Skyscrapers, cutting-edge public transportation and rows of shopping malls ― scenes that define Seoul’s cityscape today ― were unimaginable half a century ago.
It wasn’t until the 1980s that every citizen had access to tap water and toilets in their homes. In the 1960s, and ’70s, citizens in Cheongnyangni had to buy tickets for a bucket of water at a public water station. For daily ablutions, residents of Changsin-dong had to leave their house to use a public toilet located at the center of the neighborhood.
The detailed lives of Seoul citizens has been documented by Seoul photographer Hong Soon-tai. The 82-year-old veteran took thousands of photos of streets, back alleys, pedestrians and workers in Seoul, capturing the lives of ordinary people while the city was fast transitioning.
“Hanseongbu (Capital Bureau).” (The Benedictine Congregation of St. Ottilien Photography Collection on Seoul)
Hong donated more than 700 records of the city to the Seoul Museum of History in 2013. Of them, 400 photographs that offer a glimpse into lives from the 1960s to ’80s are now being exhibited at the museum.
“I would like people to see and remember the reality of our time with the photographs,” said Hong.
The images of devastation of the war-torn city and its fast development have been revealed several times by foreign media outlets and foreign photographers in exhibitions. But Hong’s photographs features a native’s view of the city and its people. They are an honest chronicle of the city, reflecting the photographer’s warmth and respect for citizens during the turbulent modern times.
“Students Waiting for a Boat to School in Yangnam-dong” by Hong Soon-tai (Seoul Museum of History)
A section is devoted to portray old memories that people who lived through the decades can easily connect to. For example, one of the photographs shows a long line of students in uniforms waiting for a boat to cross the Hangang River to go to school.
“Not many of us went to school at that time ... . We didn’t have bridges and had to take the boat to go to school,” wrote Kang Jeong-ae, explaining the photo taken in the 1940s.

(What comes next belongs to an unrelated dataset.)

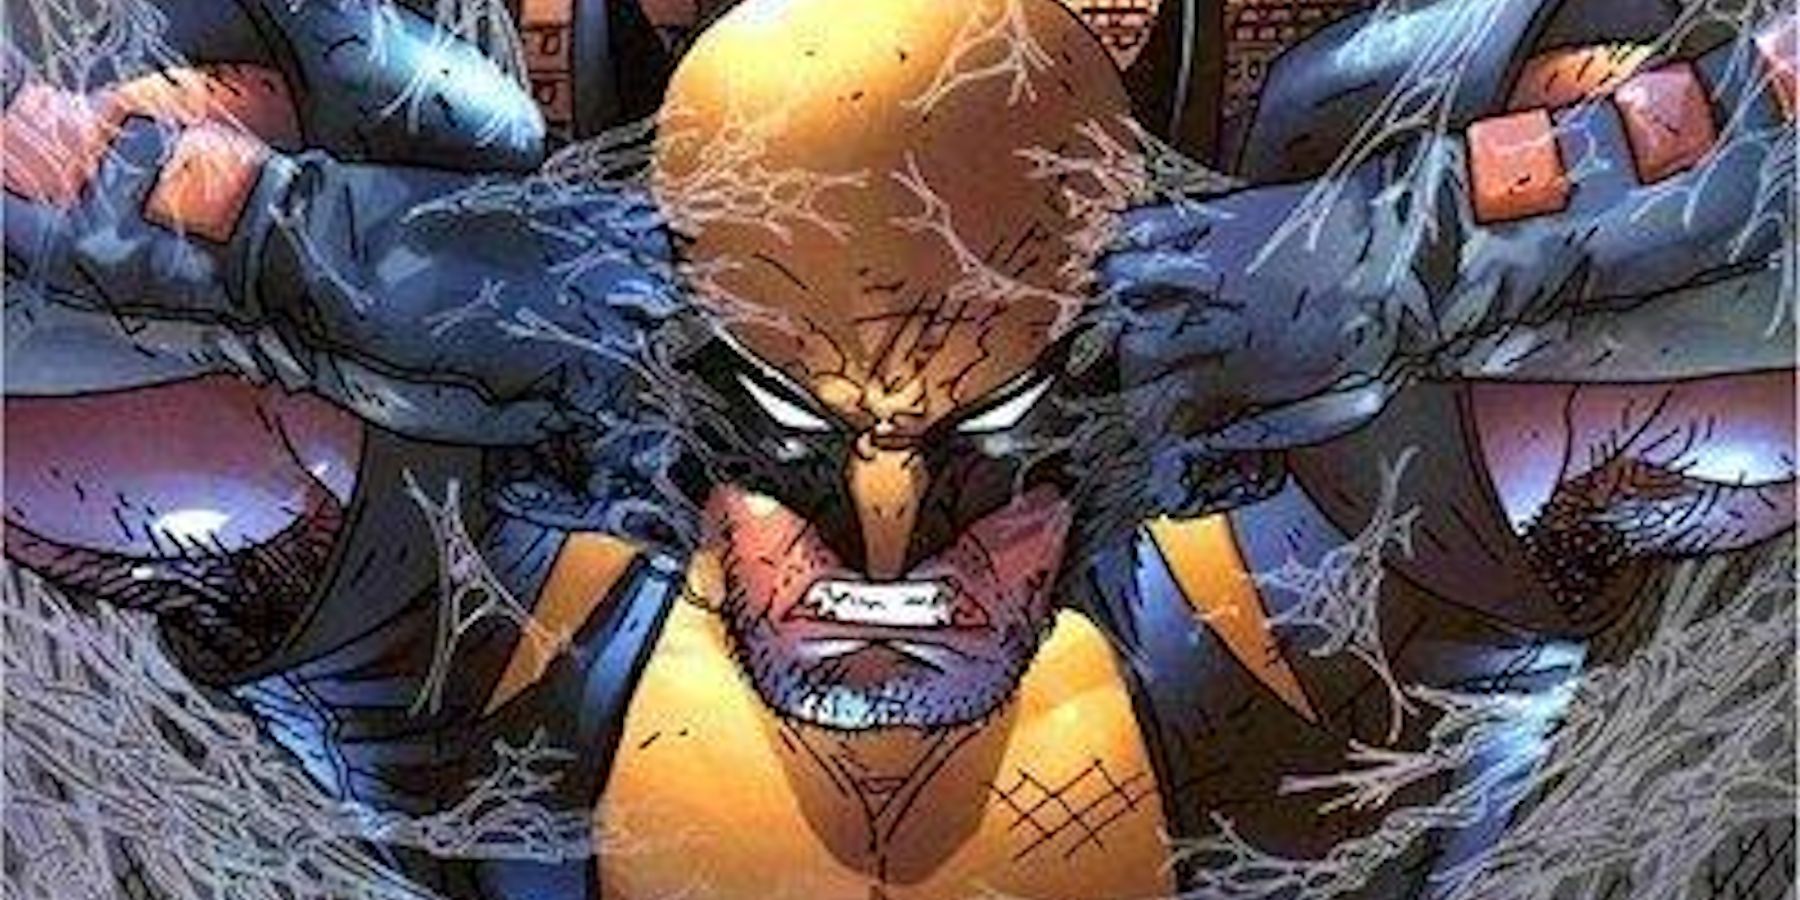 Wolverine caught in Spider-Man web

Seoul was developing at a very fast pace with highways being built and buildings rising next to shanty towns. But Hong’s focus was not on the fast development that the country is proud of. He looked at ordinary people’s lives in the midst of modern buildings and speed lanes, capturing the contrasting view of old lives and fast development.
“A Wash Place in Ttukseom” by Hong Soon-tai (Seoul Museum of History)
In a 1969 photo titled “Save our Legacy,” he captured the stark contrast between the overpass and the children playing in the ruins of construction. A 1971 photo shows a small concrete illegal house built under the bridge with children playing and mothers doing the laundry.
He had a unique perspective and found humor in the everyday lives of citizens. He captured a scene of a nun and a young lady in a miniskirt walking side by side on a bustling street of Seoul. A group of old men from the mountainous region of Cheonghak-dong in Mount Jirisan strolling throught the then posh Midopa Department Store is also a notable scene, symbolizing the rapid transition the society was going through.
The museum has also recently published a photo book featuring more than 100 photos of old Seoul taken by Catholic missionaries in the early 1900s. The photos have been in the archive of the Benedictine Congregation of St. Ottilien in Germany, which sent missionaries to Korea in 1909 and established a church in the Hyehwa-dong area.
Norbert Weber, first abbot of the St. Ottilien Monastery, took a deep interest in Korean culture. The interest created many valuable records of Seoul.
He left many photographs of old houses, architecture, sculptures, Buddhist temples of Korea and Mount Geumgangsan. He left numerous photographs and records of the mountain, which were later published in “Record of a Trip to Geumgangsan Mountain.”